MUMBAI: The rate-setting committee of RBI is expected to keep interest rates unchanged in its meeting this week even though inflation is still above the upper limit of its target zone (2-6%), crude oil prices are nearing the triple-digit mark, and the rupee is close to its all-time low vis-a-vis the dollar.
At 6.5%, the central bank has kept the repo rate unchanged in the last three policies since raising it in February 2023. In August, retail inflation was at 6.8% – lower than the 7.4% reported in July but still above RBI’s target zone.
The monetary policy committee (MPC) of the central bank is meeting from October 4-6 with its decisions scheduled to be announced on the last day. In case the MPC maintains a status quo on rates, its commentary and guidance would be very important, economists said. “We expect the RBI to pause in its October policy,” said Soumya Kanti Ghosh, group chief economic adviser, SBI, in a recent report. “Domestically, we believe at 6.5%, we are in for a prolonged pause as seasonality of inflation is tapering,” Ghosh said.

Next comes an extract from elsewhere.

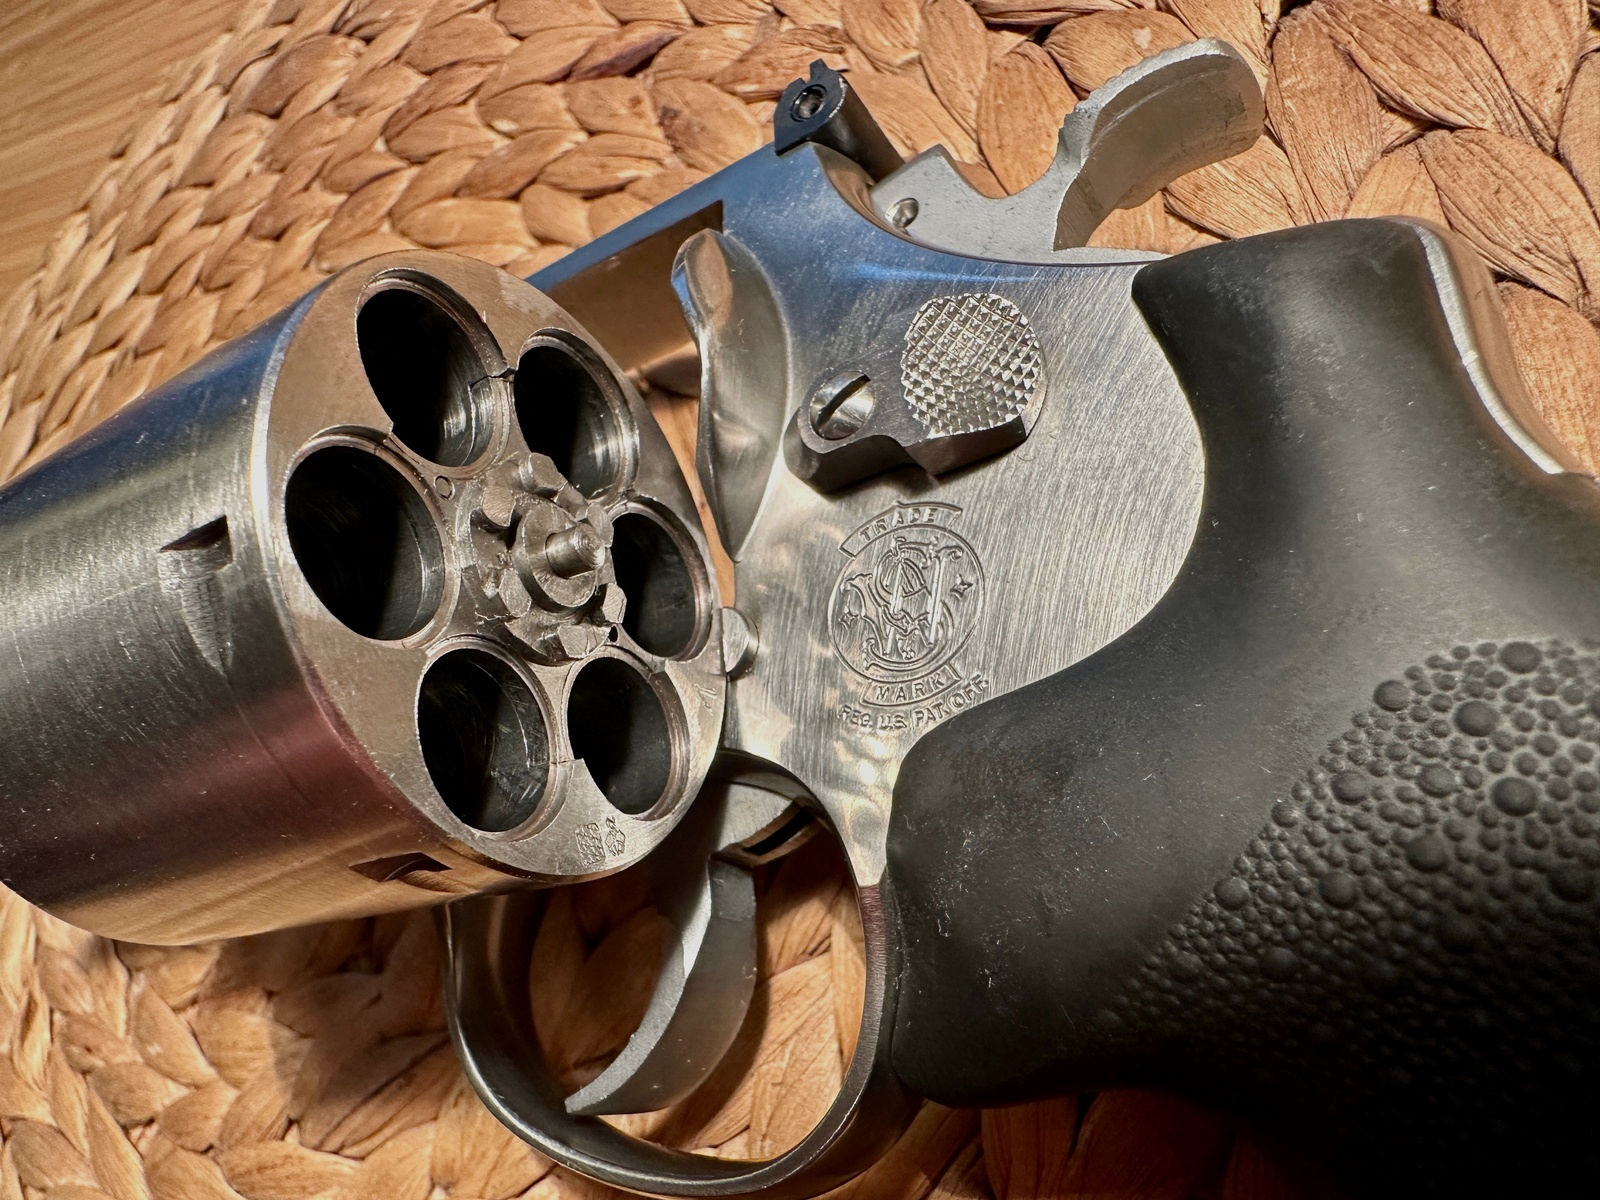 Smith & Wesson 629-2 Classic Magnum 7 1/2" Full Lug .44 Mag. Revolver (No. 420 von 750)

Inflation is expected to dip in the next few months. “While the headline CPI inflation is still above the RBI’s comfort zone, the softening in prices of agro-commodities since mid-August will likely lead to sub-6% CPI inflation rate in the coming prints,” said Siddhartha Sanyal, chief economist & head research, Bandhan Bank. “This, coupled with negative WPI prints and uneven pace of recovery in various sectors in the economy, will likely prompt the MPC to demonstrate patience and maintain status quo on key policy rates in October.”
Outside of food prices and other domestic factors impacting inflation, rising crude oil prices and bond yields are something that the central bank should be cautious about since this could again put upward pressure on the inflation reading. “The recent spike in crude oil prices and global bond yields shall keep MPC vigilant on inflation-growth dynamics,” said Parijat Agrawal, head, fixed income, Union Mutual Fund. Last week, yield on US 10-year treasury bonds rose to near the 4.7% mark – a level not seen in more than 16 years. Agrawal, too, believes that the MPC would keep rates unchanged at its meeting this week.
Ghosh of SBI believes that the MPC should not “give a forward guidance yet”. And Sanyal of Bandhan Bank says that the MPC commentary is expected to be cautious.